FIG. 4 is a cross-sectional view through the shell 10 prior to hydration of the dry material 40. A common material for the shell wall is a vulcanized (cured) silicone elastomer. FIG. 5 is a cross-sectional view through the shell 10 after hydration of the material, which has formed a nanoparticle gel 50. In one aspect of the invention, the flexible member 30 defines an inner chamber having a first volume defined by the volume of dry particulate material 40 and a second volume greater than the first volume when the dry particulate material is hydrated (e.g. volume of gel 50) as shown in FIG. 5.
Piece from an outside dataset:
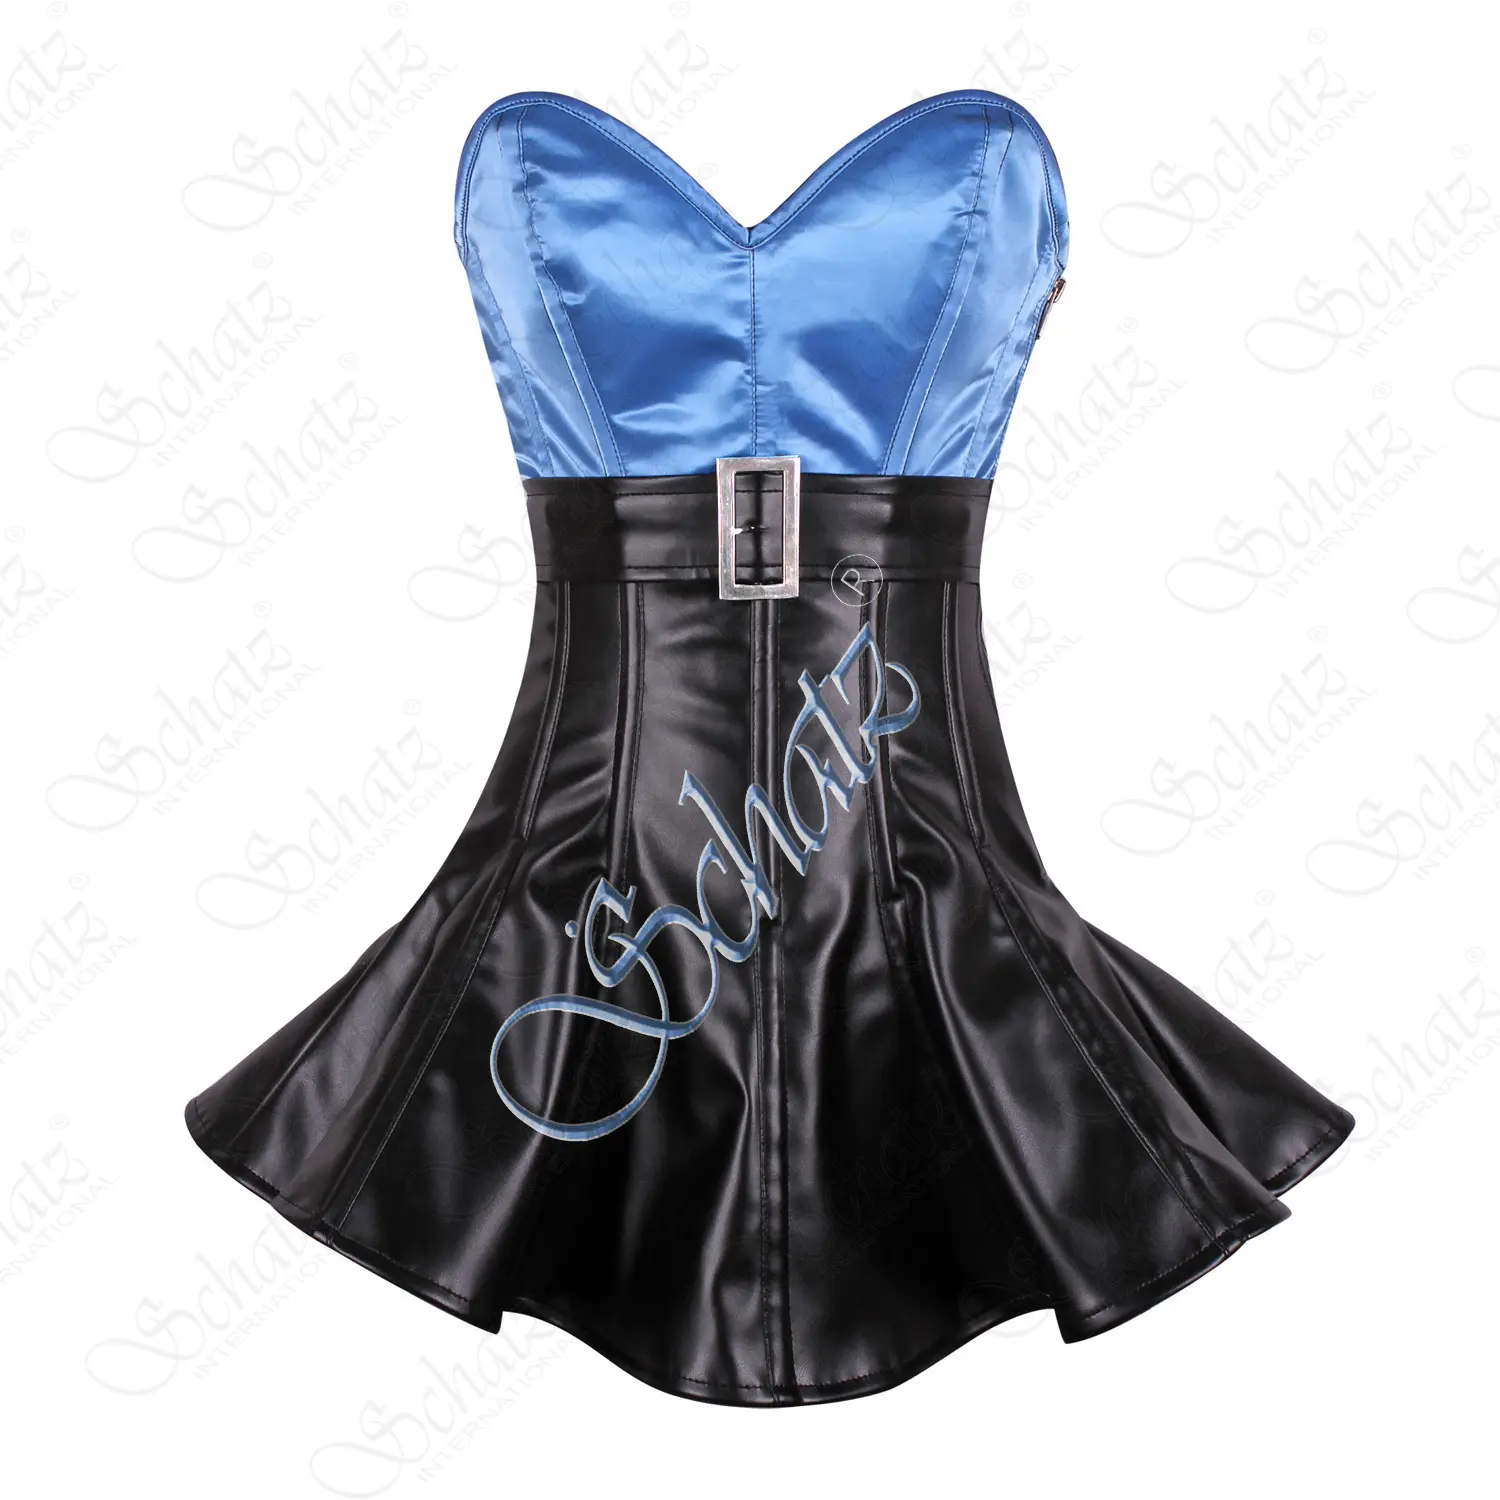 Bestseller blaues schwarzes Korsett 3-schicht-Überzugskorsett-Kleid aus hochwertigem Satin und Kunstlederstoff Korsett-Corsetten

For example, the shell 30 defines an inner chamber having a predetermined volume when inflated with a fluid greater than the first volume when not inflated with the fluid. The shell 30 is considered inflated when the inner chamber is full of a fluid at ambient pressure. Preferably, the quantity of dry nanoparticles has a dry volume of between about 1% to about 30%, about 40% or about 50% of the predetermined volume of the inflated shell. In a specific embodiment, the quantity of dry nanoparticles has a dry volume of about 10% of the predetermined volume of the shell.
The shell 30 may be formed using a variety of techniques, such as dip-molding or rotational molding. In order to introduce the dry nanoparticles after formation of the elastomeric shell, a fill aperture will be left that is covered with a patch 42, as is known in the art. The patch 42 may be self-sealing, or the entire shell 30 may be self-sealing, to permit puncture by a fill needle after implant without risk of leakage.
Although the invention has been described and illustrated with a certain degree of particularity, it is understood that the present disclosure has been made only by way of example, and that numerous changes in the combination and arrangement of parts can be resorted to by those skilled in the art without departing from the scope of the invention, as hereinafter claimed.